15 thoughts on “Literary Fiction + Literary Fantasy

  1. Hi from your 1,000th subscriber! I used to want to read Coupland 19 years ago when I first went to college. I never did, because what I started with seemed a bit banal. I might try him again though.

  2. Okay, I need to read some Robin Hobb. It's just that Cam didn't find her so amazing?? So I've always been put off. But everyone else seems to think she's great. Cam is probably wrong😂😂

  3. I just finished rereading the farseer trilogy and it’s just honestly the best coming of age fantasy trilogy ever. Like, it’s witty and emotional and perfectly plotted. I think a lot of people get frustrated by how slow the book is, but I love it. Like, there’s so much room for characterization with the way Hobb structures the story. And Robin Hobb’s writing is my favorite in fantasy. Reading Robin Hobb feels like coming home. Her writing is so assured and confident without being showy. She’s bae. And oh yeah Hobb >>>>>>>> Jordan any day of the week. I hope you like the rest of the series! If you’re planning on reading all of the RoTE books, strap in, cuz each book gets better and better. 😊😊😊

  4. I also have a deep need to be alone and to have time to myself. Whether I am productive or waste the time, it is rejuvenating. My son is the same way. I don't consider it depressing, but I do think there is some danger in how comfortable I and my son are being alone. My wife fortunately is a very understanding and social human being who knows when to let us be and when to get us out and among people.

  5. I would say that although Janny Wurts sadly and undeservedly lacks the big-name recognition to be on the Mt Rushmore of fantasy, I prefer her work to those of George RR Martin and Robert Jordan.

  6. I remember struggling a little bit to find my footing with Assassin's Apprentice because of the "not a lot happens" thing, but that was because I don't think my brain was ready for a fantasy story that was slower paced. Once I wrapped my head around what was happening and what kind of story Hobb was trying to tell, I was ALL IN. I'm working on Liveships. Hopefully. This summer.

  7. From my goodreads reviews of Eleanor Rigby, I think I had a similar reaction:

    "Total comfort read. If you like Douglas Coupland, you will like this."

    It must be so wild to write your first book and have it be this phenomenon. Like I forgot that he also coined "McJob" in this book which I realized no one says anymore, but they used to… I wonder if that's why he can't get the magic back. Also I think he's more into his visual art lately.

  8. "Many who have spent a lifetime in it can tell us less of love than the child who lost a dog yesterday." – Thornton WIlder

  9. Glad you enjoyed Assassin's Apprentice.

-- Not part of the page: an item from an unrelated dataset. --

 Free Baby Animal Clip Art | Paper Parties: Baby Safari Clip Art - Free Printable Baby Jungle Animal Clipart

I finished that particular trilogy a couple of months ago and Hobb definitely made her way into my top fantasy authors list (I'm sure she's very happy about that). Totally agree that on the surface there's not a lot of action, but the depth of her characters and their growth throughout the trilogy kept me hooked. And if you liked Nosey you've got some great stuff coming up! I'm working through the Liveship Traders trilogy now – also brilliant so far.

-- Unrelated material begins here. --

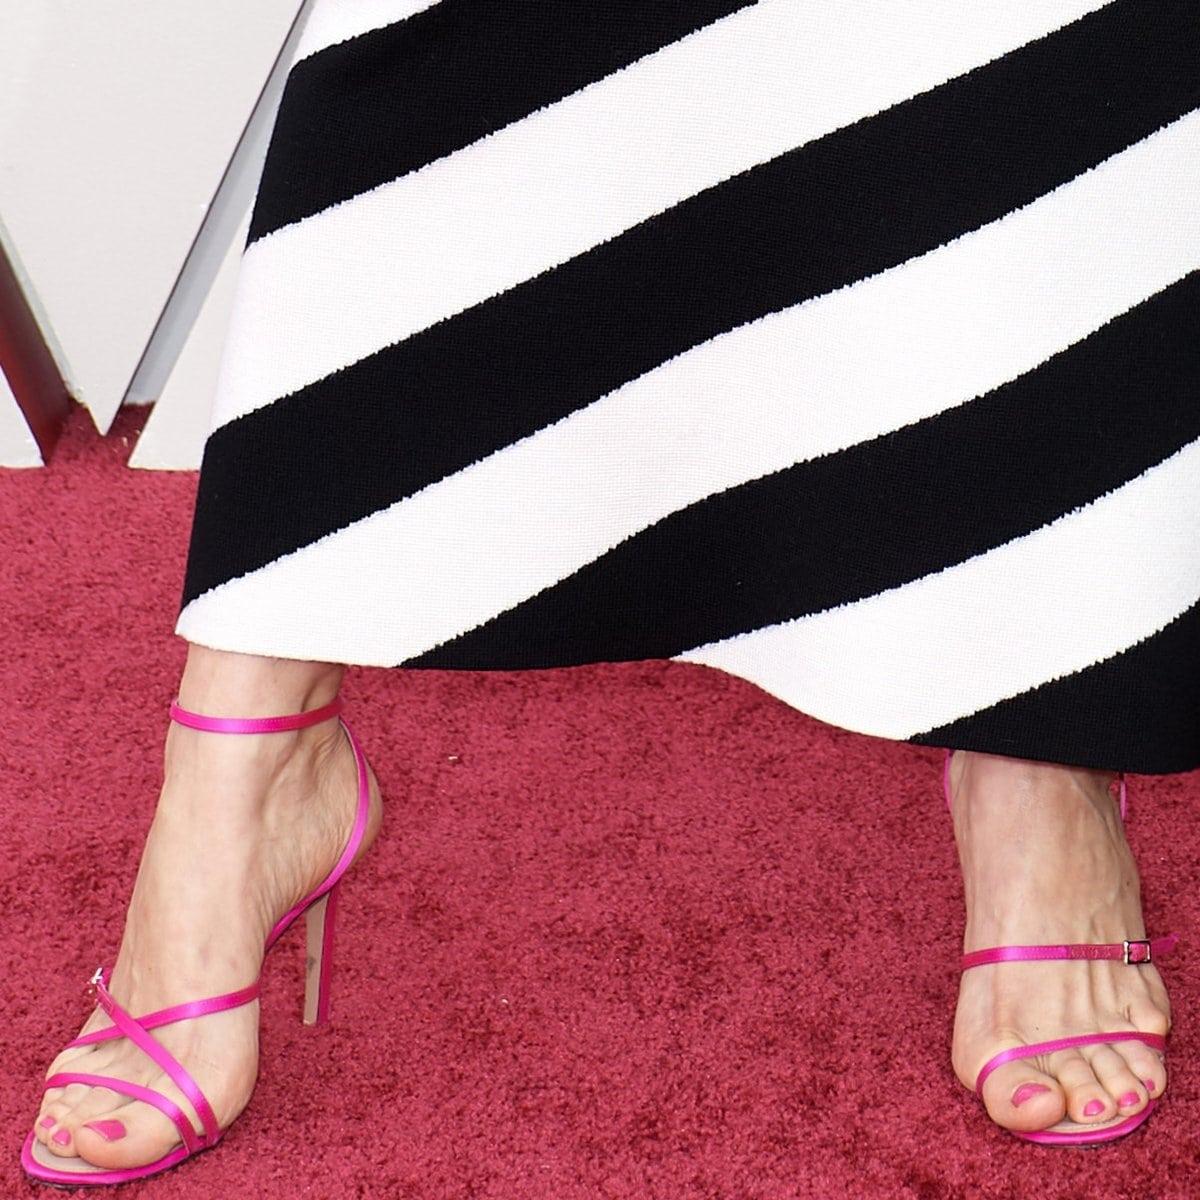 Elvira Lind shows off her feet in pink high heels

  10. Being a Gen Xer myself I totally connected with Coupland when I was in my 20's but after trying to read Girlfriend in a Coma two or three years ago I'm afraid I've outgrown him. I remember enjoying Eleanor Rigby but now I can only recall the thing that happened to her as a teenager. I agree with everything you say about Coupland's writing. He doesn't take his books too seriously and I don't think he has evolved as much as he should/could.

  11. Eleanor Rigby sounds really good and I officially think you are going to complicate my all my future TBRs.